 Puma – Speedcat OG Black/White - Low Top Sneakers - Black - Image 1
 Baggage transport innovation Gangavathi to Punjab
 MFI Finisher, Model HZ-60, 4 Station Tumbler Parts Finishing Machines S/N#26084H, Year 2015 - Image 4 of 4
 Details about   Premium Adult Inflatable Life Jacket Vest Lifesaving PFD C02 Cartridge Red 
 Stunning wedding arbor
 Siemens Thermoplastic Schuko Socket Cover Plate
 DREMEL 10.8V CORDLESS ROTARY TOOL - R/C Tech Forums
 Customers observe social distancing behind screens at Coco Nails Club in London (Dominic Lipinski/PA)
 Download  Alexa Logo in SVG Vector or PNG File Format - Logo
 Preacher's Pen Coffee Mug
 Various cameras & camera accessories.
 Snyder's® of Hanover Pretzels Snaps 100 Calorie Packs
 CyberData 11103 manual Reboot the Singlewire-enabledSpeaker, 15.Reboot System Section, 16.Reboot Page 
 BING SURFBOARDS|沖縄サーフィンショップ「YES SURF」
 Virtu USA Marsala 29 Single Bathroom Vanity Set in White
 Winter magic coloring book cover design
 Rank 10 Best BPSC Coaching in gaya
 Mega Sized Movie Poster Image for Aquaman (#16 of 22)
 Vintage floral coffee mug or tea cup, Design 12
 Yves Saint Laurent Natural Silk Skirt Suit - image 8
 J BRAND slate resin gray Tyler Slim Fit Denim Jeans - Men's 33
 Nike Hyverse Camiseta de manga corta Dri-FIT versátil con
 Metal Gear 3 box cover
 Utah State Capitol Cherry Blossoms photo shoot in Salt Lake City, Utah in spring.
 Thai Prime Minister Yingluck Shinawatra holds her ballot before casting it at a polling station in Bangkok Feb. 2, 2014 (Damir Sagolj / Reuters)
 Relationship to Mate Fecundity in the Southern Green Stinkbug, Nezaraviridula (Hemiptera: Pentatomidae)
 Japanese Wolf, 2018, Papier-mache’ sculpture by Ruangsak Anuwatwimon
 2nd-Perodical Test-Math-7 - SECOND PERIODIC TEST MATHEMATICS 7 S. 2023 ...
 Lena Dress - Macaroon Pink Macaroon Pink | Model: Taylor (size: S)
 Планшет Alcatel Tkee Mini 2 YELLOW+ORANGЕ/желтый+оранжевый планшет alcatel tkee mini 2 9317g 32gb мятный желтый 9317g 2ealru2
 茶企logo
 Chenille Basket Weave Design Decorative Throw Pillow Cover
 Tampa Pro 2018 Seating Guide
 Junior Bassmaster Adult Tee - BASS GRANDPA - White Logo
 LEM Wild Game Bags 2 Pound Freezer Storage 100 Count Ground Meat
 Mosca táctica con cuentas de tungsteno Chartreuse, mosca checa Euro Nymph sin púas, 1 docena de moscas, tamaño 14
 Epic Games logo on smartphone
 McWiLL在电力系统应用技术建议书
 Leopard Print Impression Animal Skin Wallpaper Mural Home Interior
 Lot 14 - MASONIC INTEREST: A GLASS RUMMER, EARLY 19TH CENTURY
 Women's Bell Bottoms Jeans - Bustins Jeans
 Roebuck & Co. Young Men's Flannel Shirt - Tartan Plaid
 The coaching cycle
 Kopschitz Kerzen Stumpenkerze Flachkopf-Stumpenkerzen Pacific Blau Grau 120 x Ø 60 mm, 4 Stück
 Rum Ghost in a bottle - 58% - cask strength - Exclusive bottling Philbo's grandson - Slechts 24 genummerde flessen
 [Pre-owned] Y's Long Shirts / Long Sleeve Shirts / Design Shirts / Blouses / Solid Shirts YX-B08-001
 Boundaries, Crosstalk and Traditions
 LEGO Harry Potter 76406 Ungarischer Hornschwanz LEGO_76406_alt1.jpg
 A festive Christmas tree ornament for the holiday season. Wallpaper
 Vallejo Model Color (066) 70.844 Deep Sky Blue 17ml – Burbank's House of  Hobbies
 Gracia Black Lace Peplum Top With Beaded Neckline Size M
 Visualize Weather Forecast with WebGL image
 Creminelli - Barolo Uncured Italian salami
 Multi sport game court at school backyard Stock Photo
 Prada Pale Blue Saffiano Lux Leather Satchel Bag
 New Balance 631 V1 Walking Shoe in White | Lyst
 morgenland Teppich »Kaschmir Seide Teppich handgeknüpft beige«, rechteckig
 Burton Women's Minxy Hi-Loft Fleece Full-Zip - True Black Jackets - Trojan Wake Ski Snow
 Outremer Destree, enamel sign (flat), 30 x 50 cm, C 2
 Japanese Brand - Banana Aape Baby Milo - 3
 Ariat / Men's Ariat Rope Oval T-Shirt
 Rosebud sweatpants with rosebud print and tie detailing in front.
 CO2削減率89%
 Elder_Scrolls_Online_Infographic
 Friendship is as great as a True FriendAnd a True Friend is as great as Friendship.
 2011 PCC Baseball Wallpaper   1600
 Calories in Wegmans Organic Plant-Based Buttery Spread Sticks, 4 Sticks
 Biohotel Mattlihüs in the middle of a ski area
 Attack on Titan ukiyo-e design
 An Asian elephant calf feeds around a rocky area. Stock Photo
════
> **Exercise details**: Using the data above, extract exactly the lines from the one that holds "Multi sport game" to the one that holds "Burton Women's Minxy", both ends included, and no others.

> **Final answer**:
 Multi sport game court at school backyard Stock Photo
 Prada Pale Blue Saffiano Lux Leather Satchel Bag
 New Balance 631 V1 Walking Shoe in White | Lyst
 morgenland Teppich »Kaschmir Seide Teppich handgeknüpft beige«, rechteckig
 Burton Women's Minxy Hi-Loft Fleece Full-Zip - True Black Jackets - Trojan Wake Ski Snow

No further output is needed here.